Saturday, May 12, 2018

Creation Moment 5/12/2018 - Miller's 3 Big Problems

"Almost all biology books have a picture of Miller’s famous spark chamber. In it, Miller used simple raw materials and electric sparks to produce amino acids and other simple molecules—the so-called “building blocks of life.” Some newspapers reported that Miller had practically made “life in a test tube.”

.... there were just three little problems: he had the wrong starting materials, used the wrong conditions, and got the wrong results.

What do I mean by “wrong starting materials?
--Miller left out oxygen. Why? Because of the scientific evidence? No. He left it out because he knew oxygen would destroy the very molecules he was trying to produce. It’s
hard for us to realize how corrosive” oxygen is, since most modern living things depend on it. But oxygen is so valuable to life precisely because it’s so chemically reactive, and aerobic living things today have systems to protect themselves against the harmful effects of oxygen, while using its chemical power to their advantage. (Anaerobic organisms and some viruses are quickly destroyed by contact with oxygen.)...We find oxidized rocks, suggesting an oxygen atmosphere, as deep as we can dig.
Furthermore, methane (CH4) and ammonia (NH3), two prime gases in the Miller spark chamber, could not have been present in large amounts. The ammonia would be dissolved in the oceans, and the methane should be found stuck to ancient (deep) sedimentary clays. It’s not there! Those who still believe in chemical evolution are aware of these problems (as is Miller himself), so they are simply trying (as yet unsuccessfully) to simulate the origin of life using different starting materials.

--Wrong conditions? Miller used an electric spark to get the gas molecules to combine, and that works. Problem: The same electric spark that puts amino acids together also tears them apart, and it’s much better at destroying them than making them, meaning that few, if any, amino acids would actually accumulate in the spark chamber. Miller, a good biochemist, knew that, of course, so he used a common chemist’s trick. He drew the products out of the spark chamber and into a “trap” that would save the amino acids from destruction by the same electric spark that made them. Using product removal (the principle of LeChatelier or law of mass action) to increase yield is ordinary chemical practice, but it depends on intervention by informed intelligence. Miller was supposed to be demonstrating that the gases could make the “building blocks of life” all by themselves without any outside help, yet his outside, intelligent help was necessary to save the molecules from their destructive chemical fate.

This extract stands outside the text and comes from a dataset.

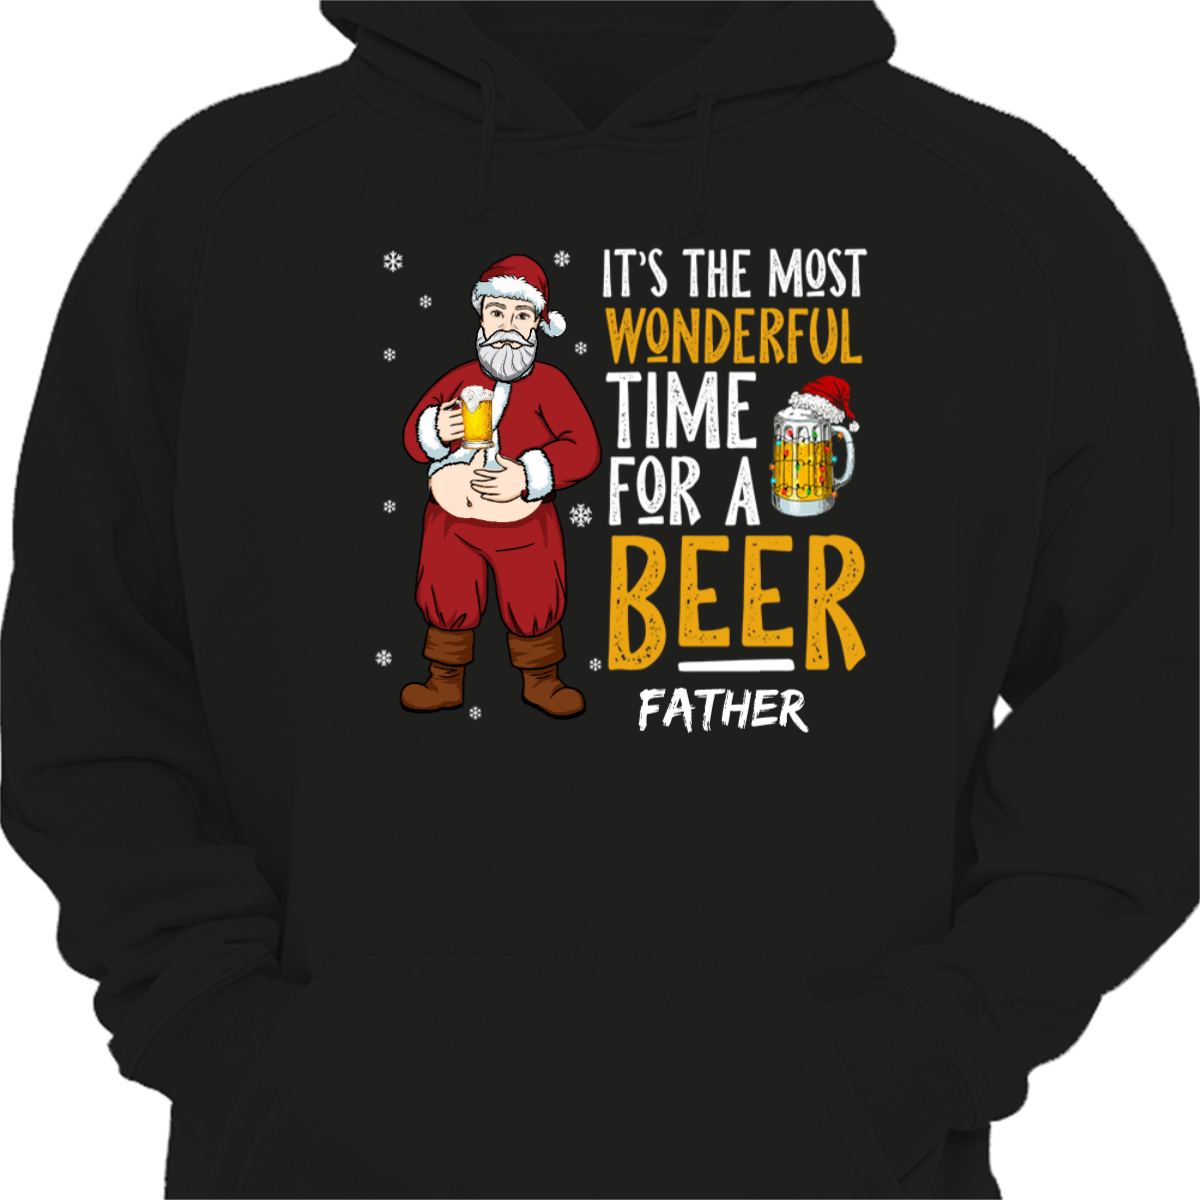 ビールのお父さんおじいちゃんサンタ パーカー スウェットシャツの最も素晴らしい時間
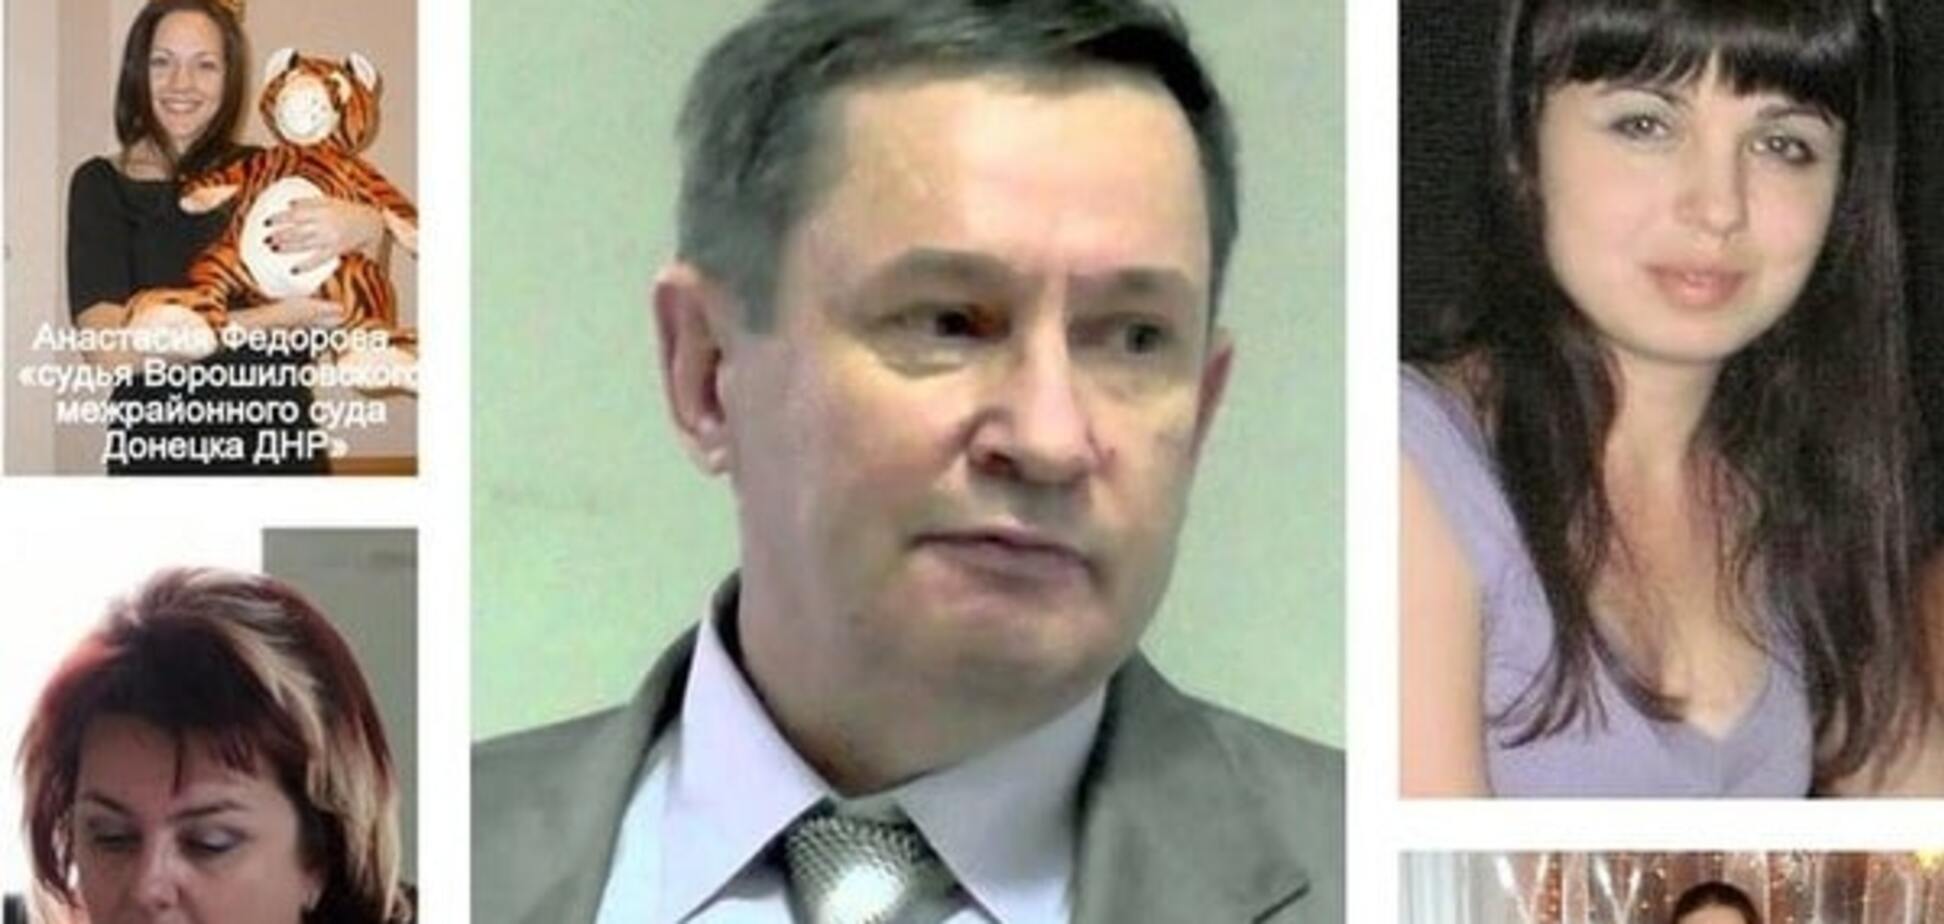 'Героев' надо знать в лицо: Аброськин объявил в розыск 6 'судей ДНР'. Фото предателей

--Wrong results? How could that be? Miller wanted to make amino acids, and he got amino acids (along with sugars and a few other things). How could those results be wrong?
The proteins in living cells are made of just certain kinds of amino acids: those that are “alpha” (short) and “left-handed.” Miller’s “primordial soup” contained many long (beta, gamma, delta) amino acids and equal numbers of both right- and left-handed forms. Problem: Just one long or right-handed amino acid inserted into a chain of short, left-handed amino acids would prevent the coiling and folding necessary for proper protein function. What Miller actually produced was a seething brew of potent poisons that would absolutely destroy any hope for the chemical evolution of life.
The “left-handed amino acid problem” is particularly well-known to evolutionists, and several have been trying to solve it. One brilliant researcher, after working unsuccessfully for years on the problem, just smiled and chuckled when asked about it: “Perhaps God is left-handed.” He may have been closer to the truth than he realized.

When cells lose their biological order and their molecules start reacting in chemical ways, we die. A dead body contains all the molecules necessary for life and approximately the right amount of each, but we never see a “road kill” get up and walk off because sunlight energy shining on the carcass made all the molecules of life start working together again. What’s lost at death are balance and biological order that otherwise use food to put us together faster than chemistry tears us apart!"